– Наверное, Шуберт приболел, – неудачно пошутила Юля, и Люба растерялась немного от ее шутки. Не знала, как реагировать. И потому чуть закаменела лицом и улыбнулась неловко. Все-таки пошутил человек, надо же хоть какую-то реакцию выдать, и лучше вежливую, чтоб не обидеть.
А Юля в этот момент про себя подумала – браво, Люба, твоя взяла. Иногда старание не заметить чужую глупость выглядит обиднее, чем когда тебя в эту глупость мордой ткнут, как нашкодившего кутенка. Так же и мы общаемся меж собой, будто на качелях качаемся. То я тебе по лбу, то ты мне в лоб. Какое-никакое, а развлечение.
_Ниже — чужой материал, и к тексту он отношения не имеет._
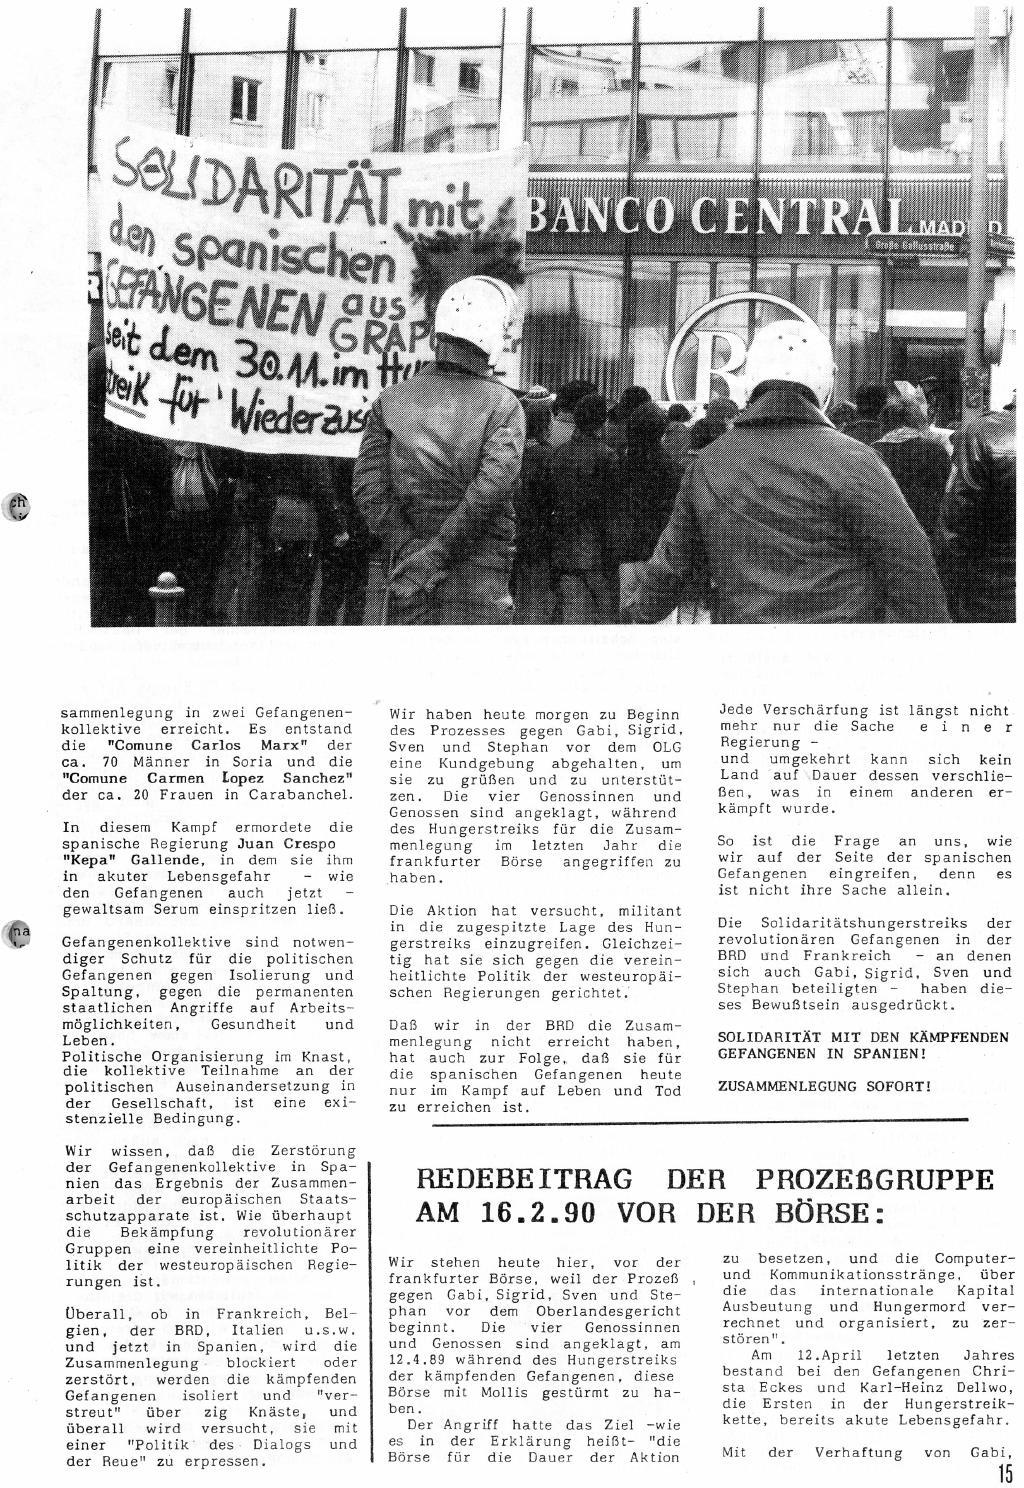 Frankfurt_Prozessinfo_Kein_Frieden_mit_den_Banken_1990_1_2_15
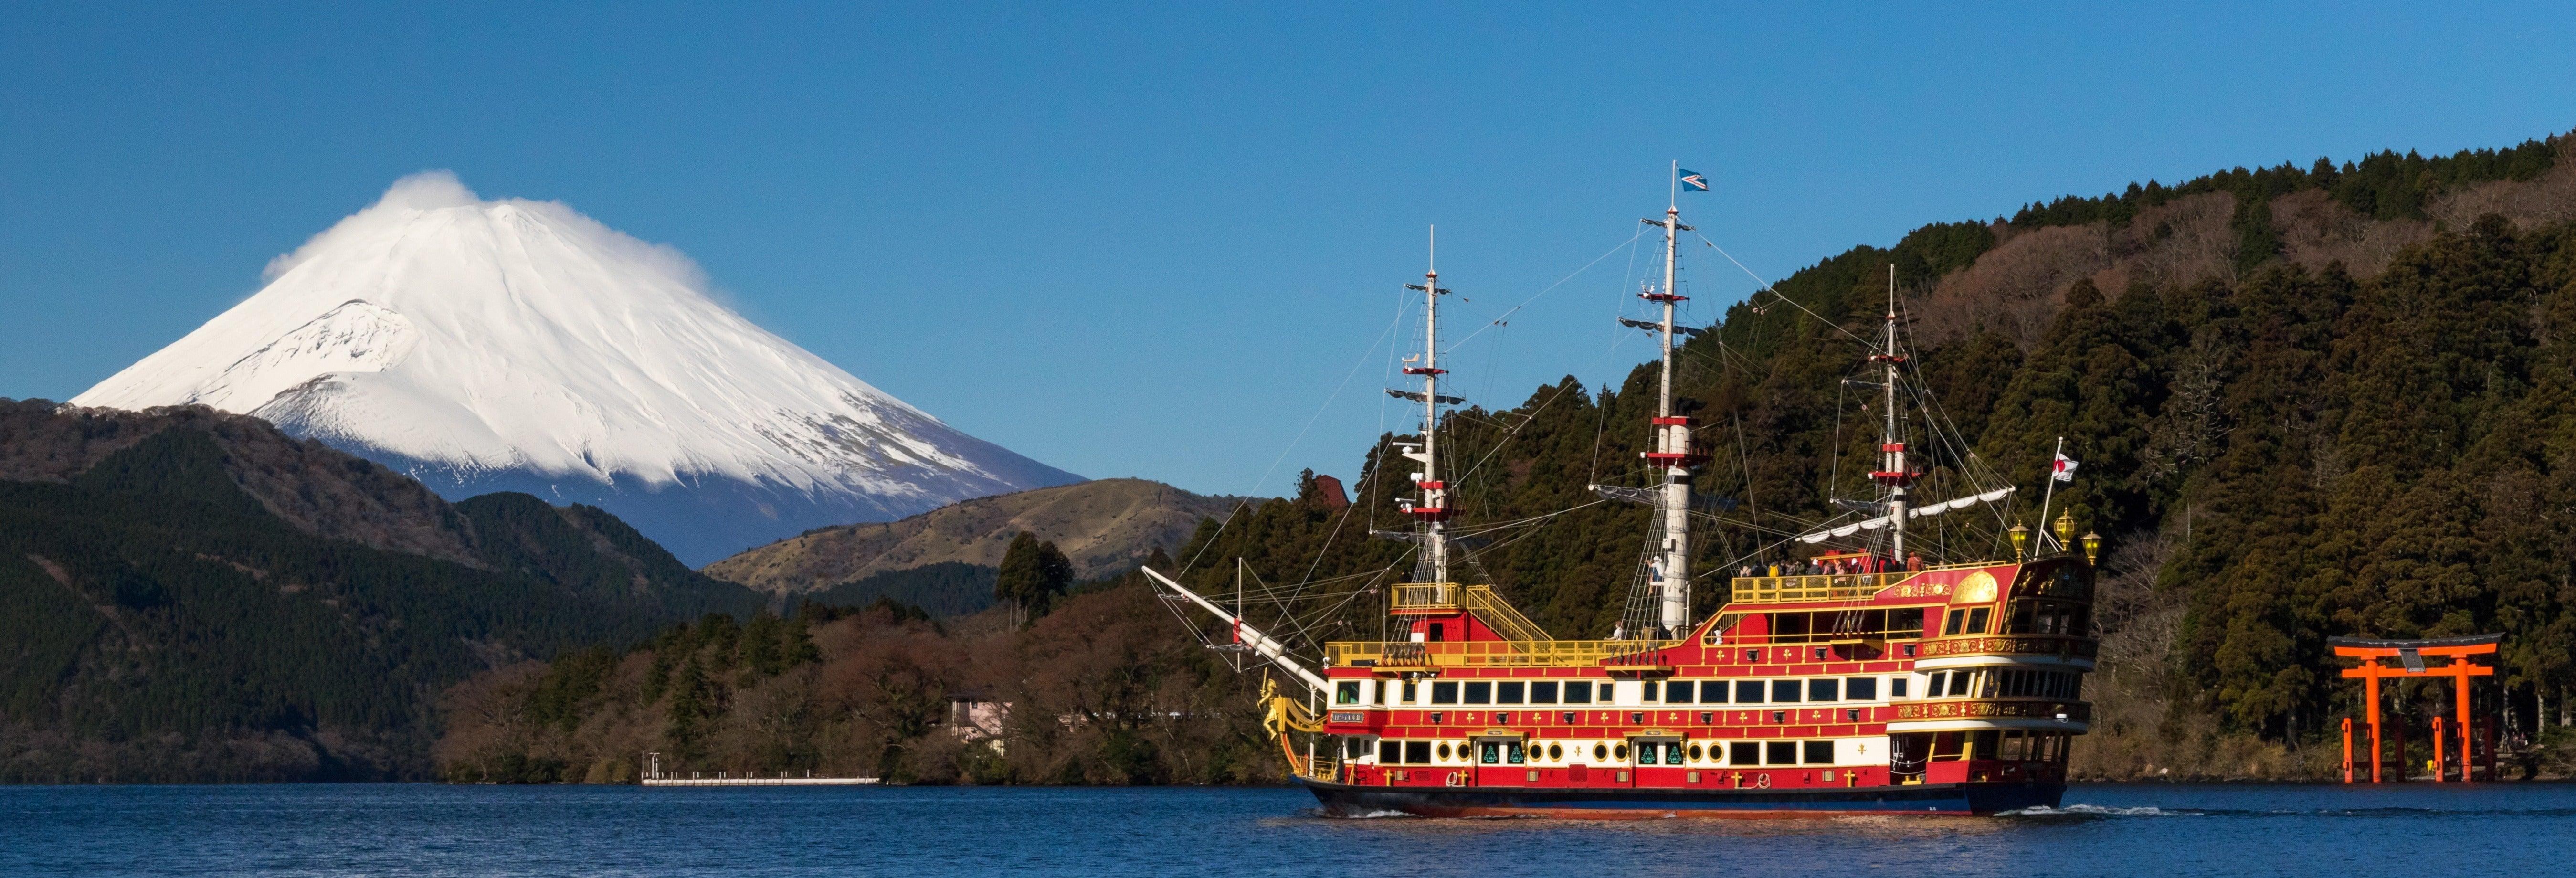 Excursion au Lac Ashi + Ōwakudani + Gotemba Premium Outlets

За ужином Люба принялась рассказывать ей о Шуберте, и было видно, что очень старалась, будто Шуберт в ее стараниях страсть как нуждался. Будто защищала, оправдывала его в Юлиных глазах. И того не понимала, что тем самым еще более выпячивает чужое невежество. Юля слушала, кивала, вежливо улыбалась, а сама в это время думала – вот же черт дернул пошутить. Сейчас ведь не отстанет, так и будет весь ужин про этого Шуберта чесать. Как будто она обязана про него все знать, хоть тресни! Сама ж на раздражение провоцирует, зануда такая!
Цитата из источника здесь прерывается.